CODEWITHSUNDEEP
c++function-call-operator
Peter Trade
Peter Trade

Reputation: 21

overload assignment and round bracket operator in C++

I want to define a class myVector that support both assignment operator= and bracket access e.g myclass(1) = 0.5. See a dummy example below 

class myVector
{
public:
    vector<double> _v;
    myVector(unsigned int size) : _v(size, 0) { }

    double& operator()(int i)
    {
        return _v[i];
    }

    unsigned int size() const { return _v.size(); }

    myVector& operator=(const myVector& v)
    {
        _v.resize(v.size());
        for(int i=0;i<v.size();i++)
            _v[i] = v(i);
    }
}

This code cannot be compiled since () is not defined as a constant function. This is because I want to enable direct assignment such as myvector(1) = 2. To solve this problem, I can only think of two solutions. One is to define sth. like double getValue(int i) const but this seems weird since some duplicate code is added. The other is to remove const from the signature of () function, but that is undesirable as well. I am sure there will be a good work around but I cannot find it.

Upvotes: 2

Views: 5780

Answers (2)

David Rodr&#237;guez - dribeas
David Rodr&#237;guez - dribeas

Reputation: 208323

For the particular case of the operator(), you should just provide two overloads:

double& operator()( int i ) { return _v[i]; }
double operator()( int i ) const { return _v[i]; } // [1]

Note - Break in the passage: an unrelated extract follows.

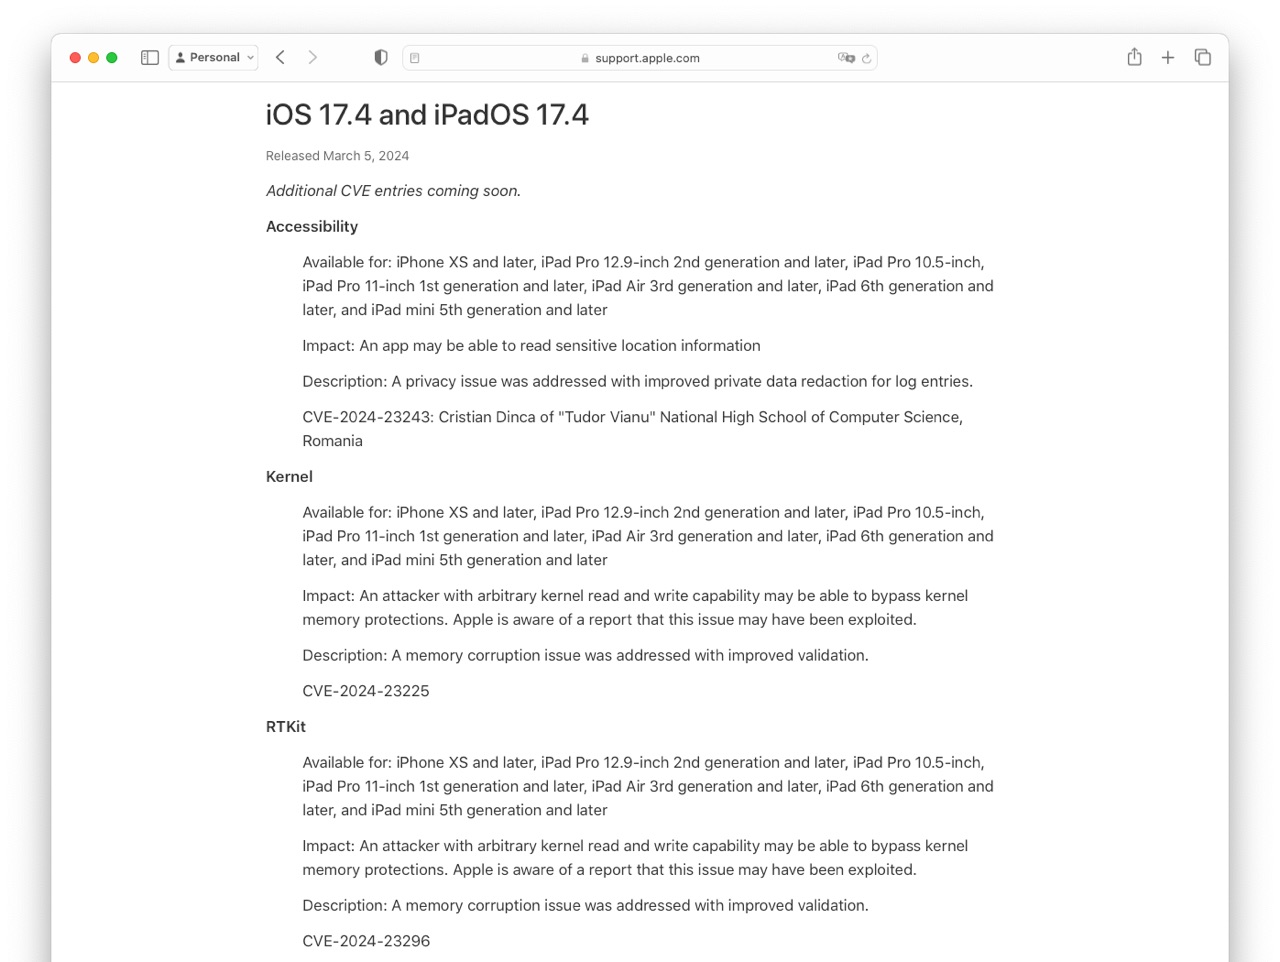 About the security content of iOS 17.4 and iPadOS 17.4
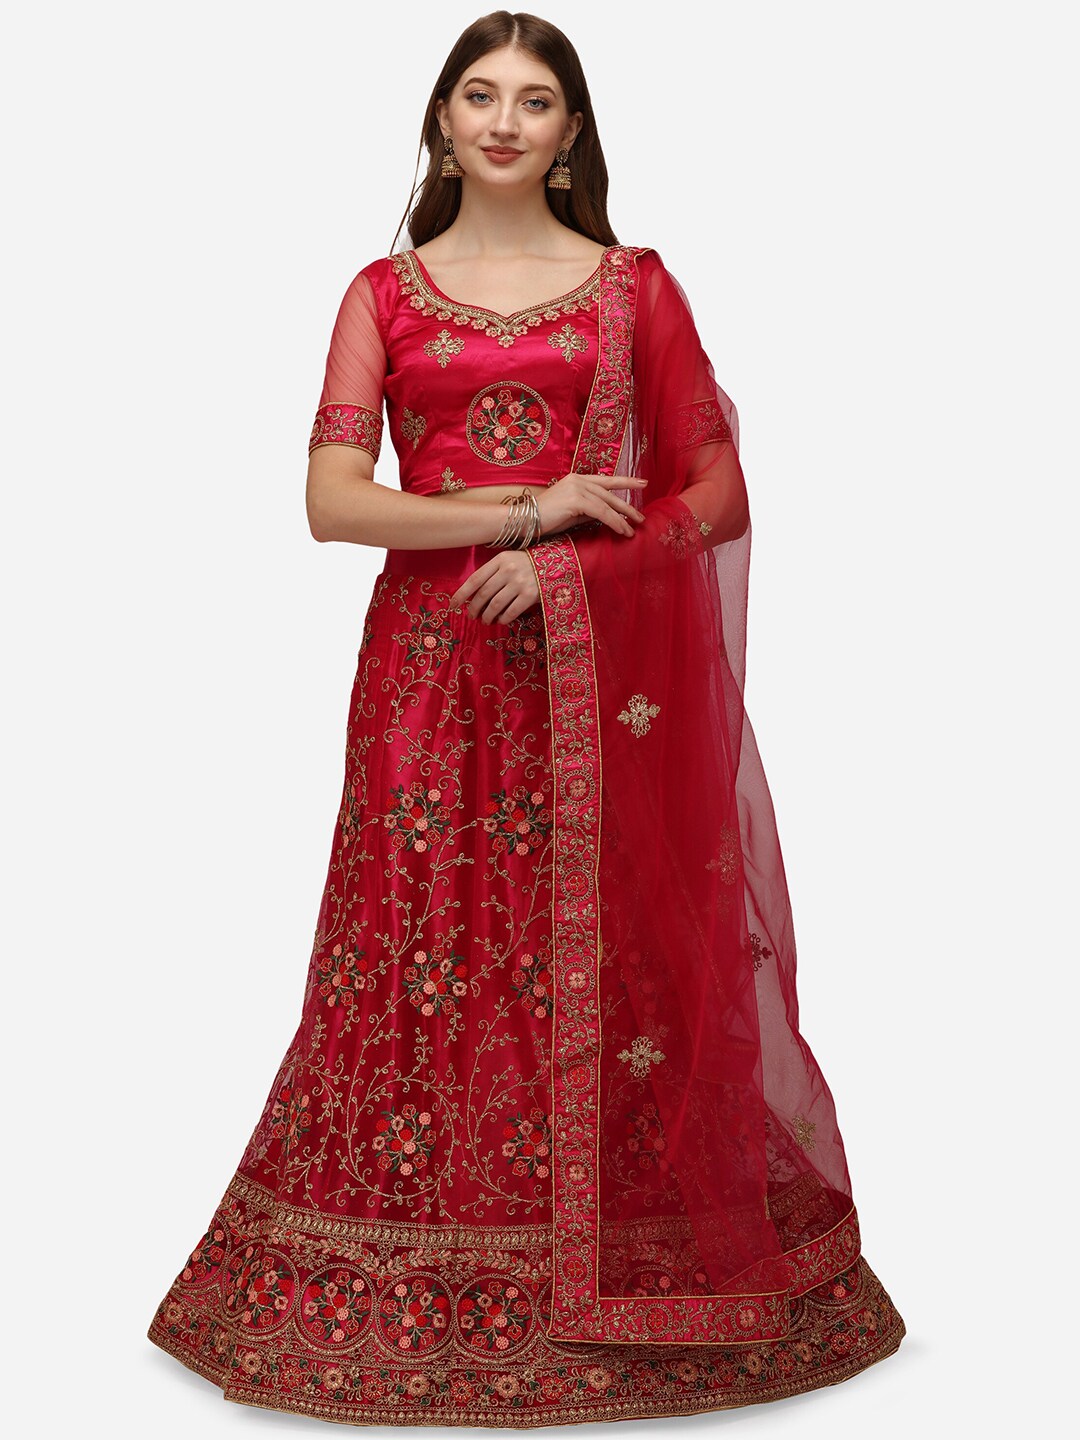 Netram Red Embroidered Semi-Stitched Lehenga & Unstitched Choli With Dupatta Price in India

If this was a templated container, the second overload would return a const&, but given that it is a double, returning a copy is fine.

Now as a recommendation, you can implement the copy constructor, and then implement a simple swap function:

void myVector::swap( myVector & lhs ) {
   _v.swap( lhs._v );
}

With those two tools in place, then you can use the idiomatic implementation of operator=:

myVector& myVector::operator=( myVector rhs ) { // by value
   swap( *this, rhs );
   return *this;
}

The other thing is that it does not make sense to roll your own loop to copy the vectors, they already know how to do that by themselves, so _v = v._v; has the same effect as your loop.

Upvotes: 0

Ben Voigt
Ben Voigt

Reputation: 283624

The correct solution is "both". Member functions, including operators, can be overloaded on const-ness (the this pointer is effectively a parameter and takes part in overload resolution).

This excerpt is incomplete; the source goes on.